A quell’età sono scappato. A casa avevo una situazione difficile e quel luogo per me era tutto, li avevo gli amici, le persone che mi volevano bene. Quel prete violentava altri bambini, lo sapevano tutti, eppure quelle violenze sono rimaste sotto traccia per decenni. Denunciare era difficile, quasi inutile. Il vescovo di Savona, Dante Lafranconi, sapeva tutto e per toglierlo dalla parrocchia di Spotorno, quindici anni dopo, lo assegnò ad una più piccola sulle alture di Finale Ligure e gli consentì anche di aprire una comunità per bambini problematici. Una follia, ma è abbastanza comune, da quei posti isolati è ancora più difficile che escano denunce.

Tutti sapevano? .

Spotorno ha 5mila abitanti, certe voci giravano già prima che arrivasse don Nello, l’omertà c’è ma non solo tra le persone di chiesa.

La tua famiglia non poteva aiutarti. E’ così per quasi tutte le vittime?

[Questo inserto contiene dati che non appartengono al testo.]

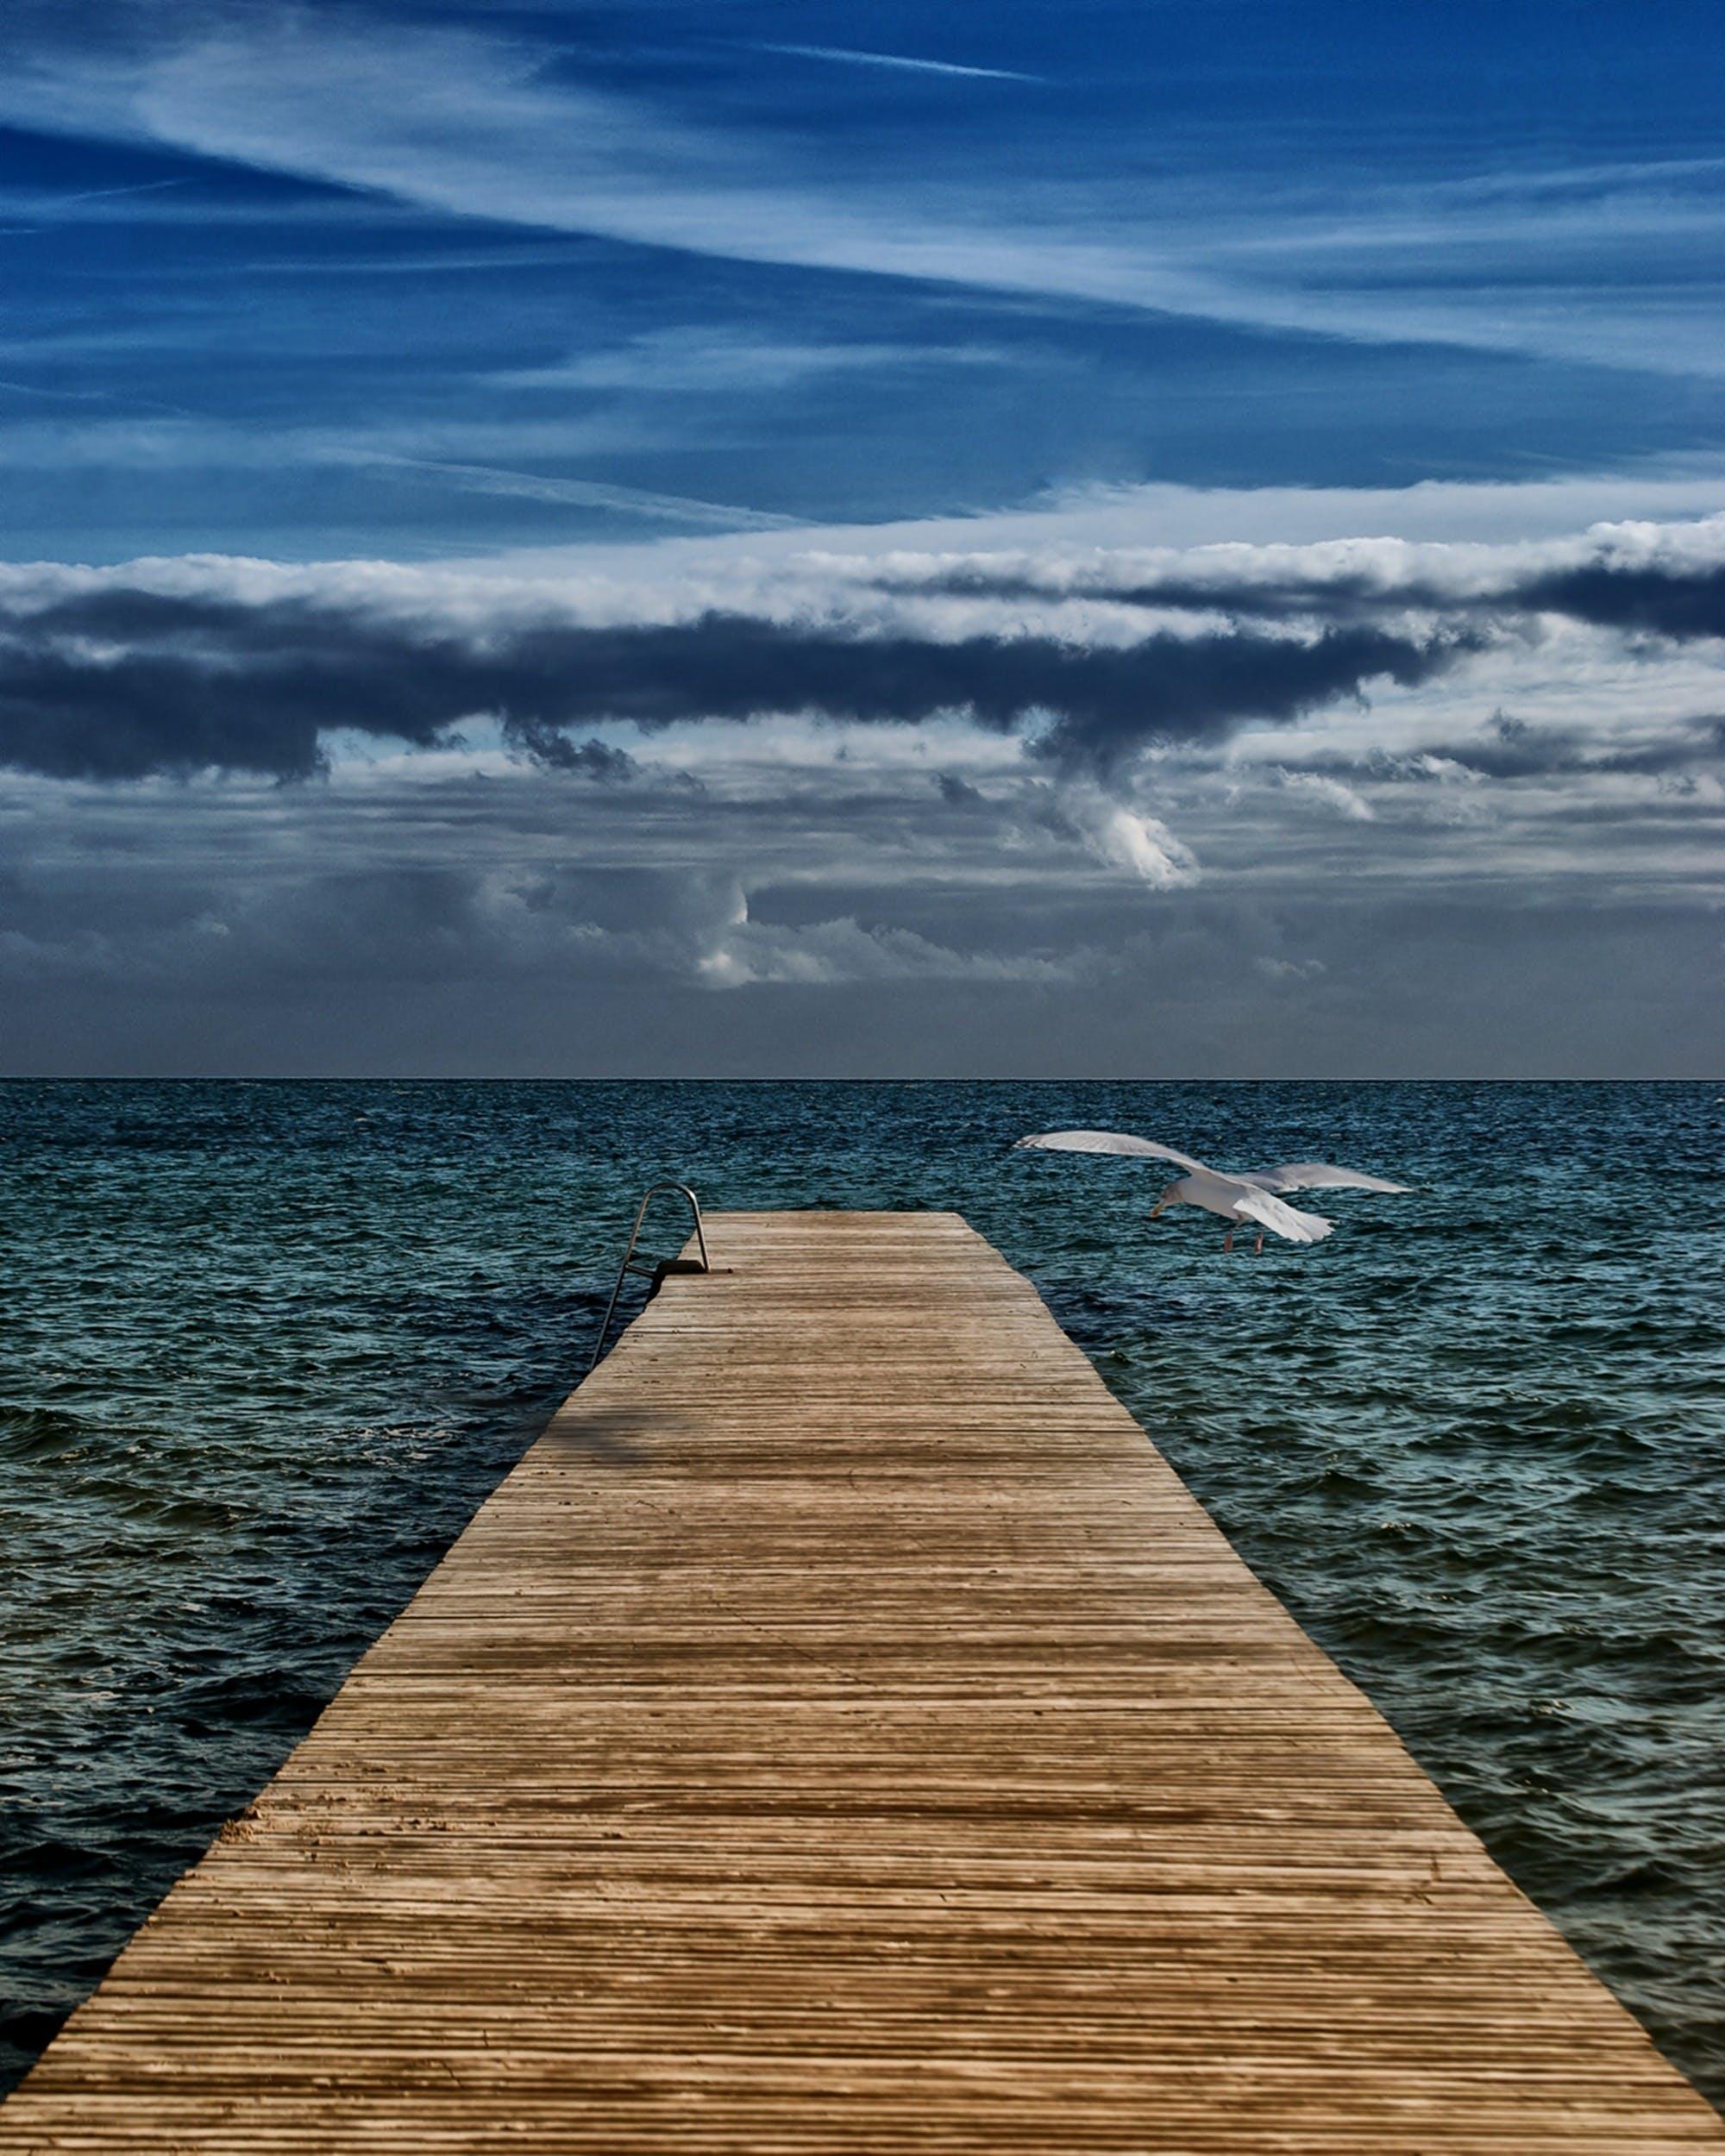 bird, blue sky, boardwalk

I bambini abusati sono quasi tutti vittime di famiglie disagiate. La mia era una situazione particolarmente difficile, ma capita lo stesso in situazioni di povertà anche non estrema. Le famiglie povere si fidano dei preti e lasciano spesso i figli all’oratorio, anche perché non hanno alternative. Intendiamoci, non sto dicendo che tutti i preti sono pedofili.

Come se ne esce, se ne sei uscito, da una situazione simile?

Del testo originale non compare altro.